Insurance Companies Issue 8.837 Trillion Won in Hybrid Securities, Surpassing Last Year's Total
Hanwha Life Issues 2 Trillion Won and DB Insurance 1.67 Trillion Won Ahead of Major Deals
Hybrid Securities Alone Have Limitations... Need for Risk Diver

[Financial Microscope] Insurance Companies’ Capital Securities Issuance Reaches 9 Trillion Won... What’s Behind Another All-Time High This Year

Insurance companies have issued approximately 9 trillion won in capital securities this year, surpassing last year's all-time record. This surge is attributed to heightened efforts to manage financial soundness, prompted by interest rate cuts and accounting-related regulations. Experts advise that relying solely on capital securities for financial soundness has its limitations and recommend adopting strategies to diversify risks.


Capital Securities Issuance Surpasses 9 Trillion Won... All-Time High

According to the Korea Securities Depository and the Financial Supervisory Service as of November 4, domestic insurance companies have issued 8.837 trillion won in capital securities (including subordinated foreign currency bonds) so far this year. This not only marks the highest amount ever but also exceeds last year’s total issuance of 8.665 trillion won. Including Heungkuk Life Insurance’s planned issuance of 200 billion won in subordinated bonds later this month, the total capital securities issued by insurance companies this year will exceed 9 trillion won.

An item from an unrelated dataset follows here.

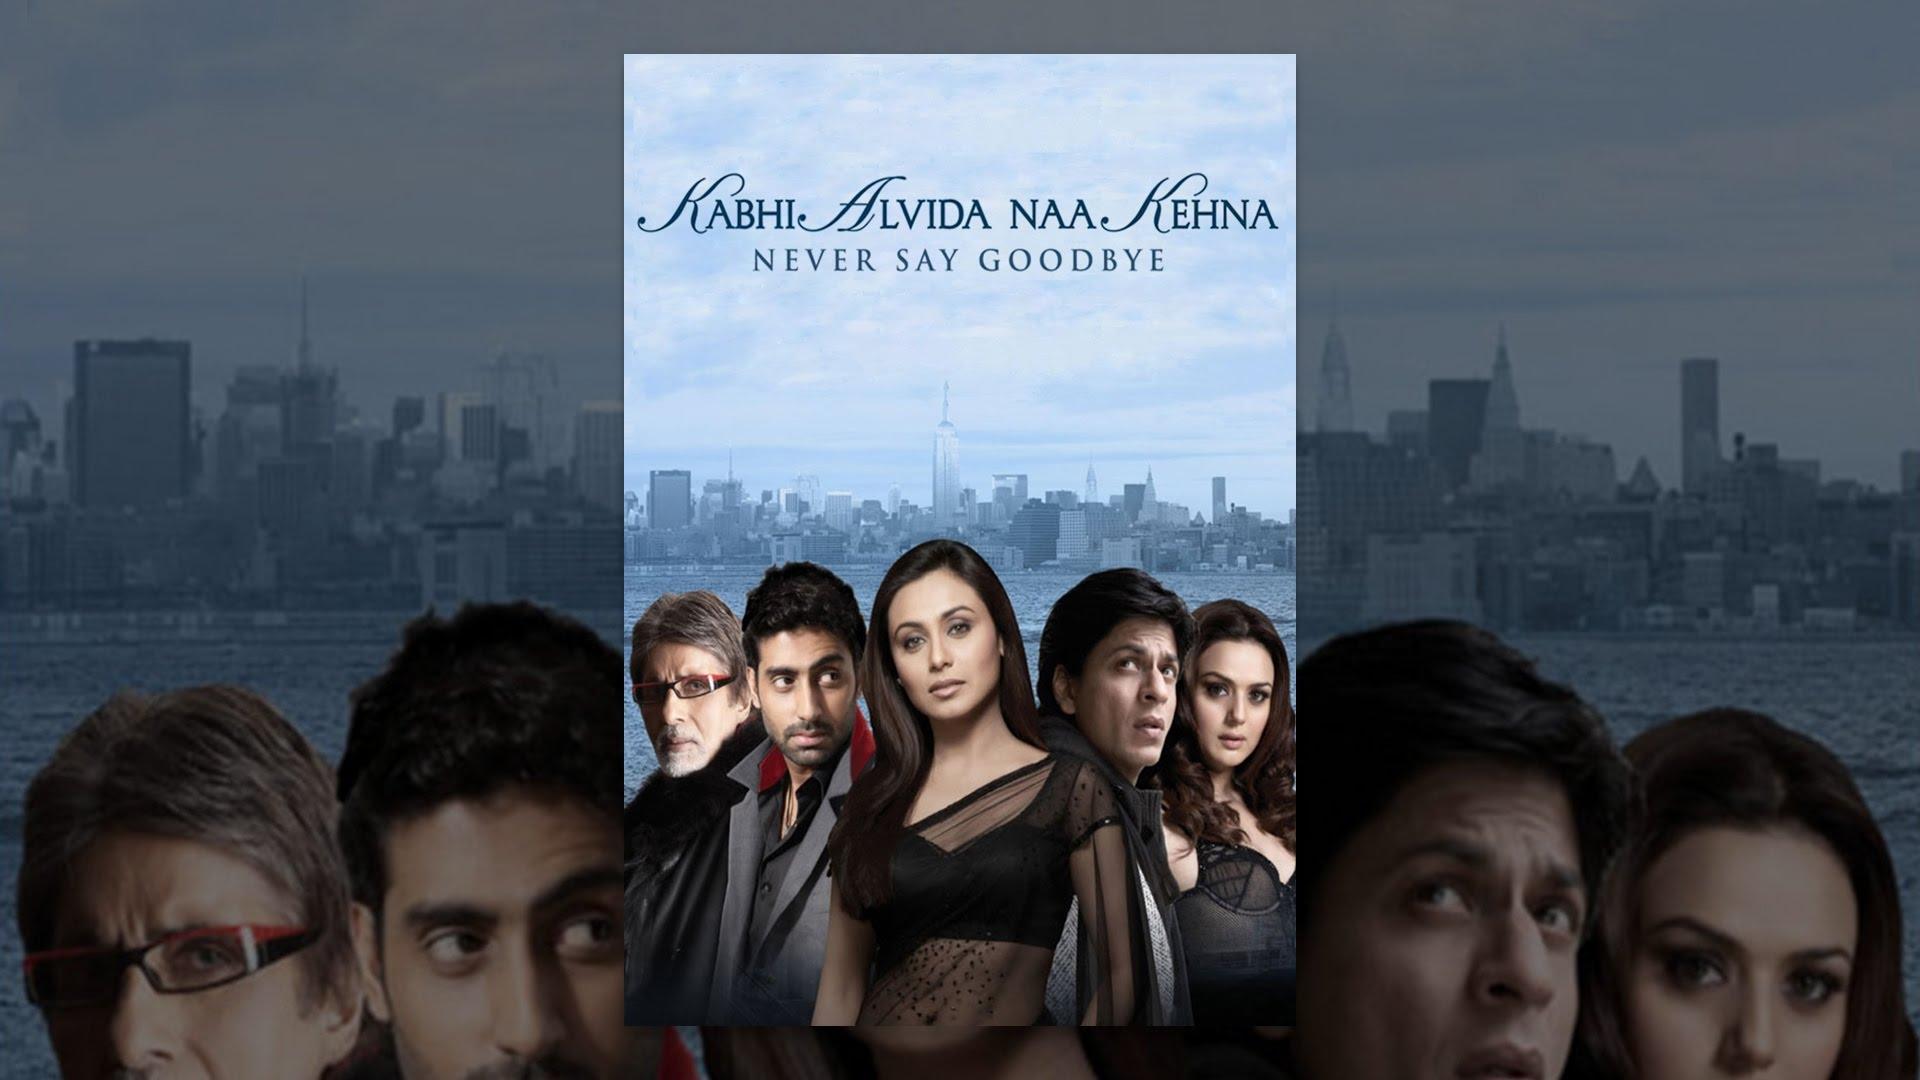 Download Kabhi Alvida Naa Kehna

Capital securities refer to debt securities such as hybrid capital securities and subordinated bonds that are recognized as equity capital under accounting standards. With the adoption of International Financial Reporting Standards 17 (IFRS 17) in 2023, the capital adequacy ratio (K-ICS) has gained importance as a key financial soundness indicator, leading to a sharp increase in capital securities issuance by insurers. The amount issued, which stood at 3.2 trillion won in 2023, has nearly tripled this year.


The average coupon rate for capital securities issued by insurance companies this year is 4.41%. Applying this rate to the total issuance, annual interest payments amount to approximately 400 billion won. However, due to declining market interest rates, the coupon rate in the second half of the year (3.75%) has decreased compared to the first half (4.66%).


[Financial Microscope] Insurance Companies’ Capital Securities Issuance Reaches 9 Trillion Won... What’s Behind Another All-Time High This Year

Hanwha Life and DB Insurance Issue Large-Scale Capital Securities Ahead of 'Big Deals'... K-ICS Stabilization

Hanwha Life has issued the largest amount of capital securities among insurers this year. In March, Hanwha Life issued 600 billion won in subordinated bonds, followed by 1 billion dollars (approximately 1.43 trillion won) in subordinated foreign currency bonds in June. Hanwha Life also led the industry last year with 1.9 trillion won in capital securities issuance. As a result of these successive issuances, Hanwha Life’s K-ICS in the first half of the year reached 160.6%, exceeding the financial authorities’ recommended level of 130%. In July, Hanwha Life also completed the acquisition of a 75% stake in US securities firm Velocity.


DB Insurance issued 1.667 trillion won in capital securities domestically this year, raising over 800 billion won in both the first and second halves. Notably, in the second half, DB Insurance became the first in the industry to issue 867 billion won worth of 'core capital hybrid securities' without a step-up condition, with a maturity of 30 years. DB Insurance’s K-ICS for the first half of the year stood at 213.3%. After this large-scale capital raising, DB Insurance signed a contract to acquire a stake in US auto insurer Fortegra for 1.65 billion dollars (about 2.3 trillion won).


Dongyang Life, which became a subsidiary of Woori Financial Group in July, has also been aggressively issuing capital securities this year. In May, the company issued 500 million dollars (about 700 billion won) in foreign currency bonds, followed by 200 billion won in subordinated bonds just yesterday. The coupon rate for Dongyang Life’s subordinated bonds issued yesterday was 3.65%, the lowest among subordinated bonds issued by insurers this year. As of November 3, this offers an investment appeal of about 0.767 percentage points compared to the 5-year government bond yield (2.883%). Based on recently announced third-quarter results, Dongyang Life’s K-ICS stands at 172.7%.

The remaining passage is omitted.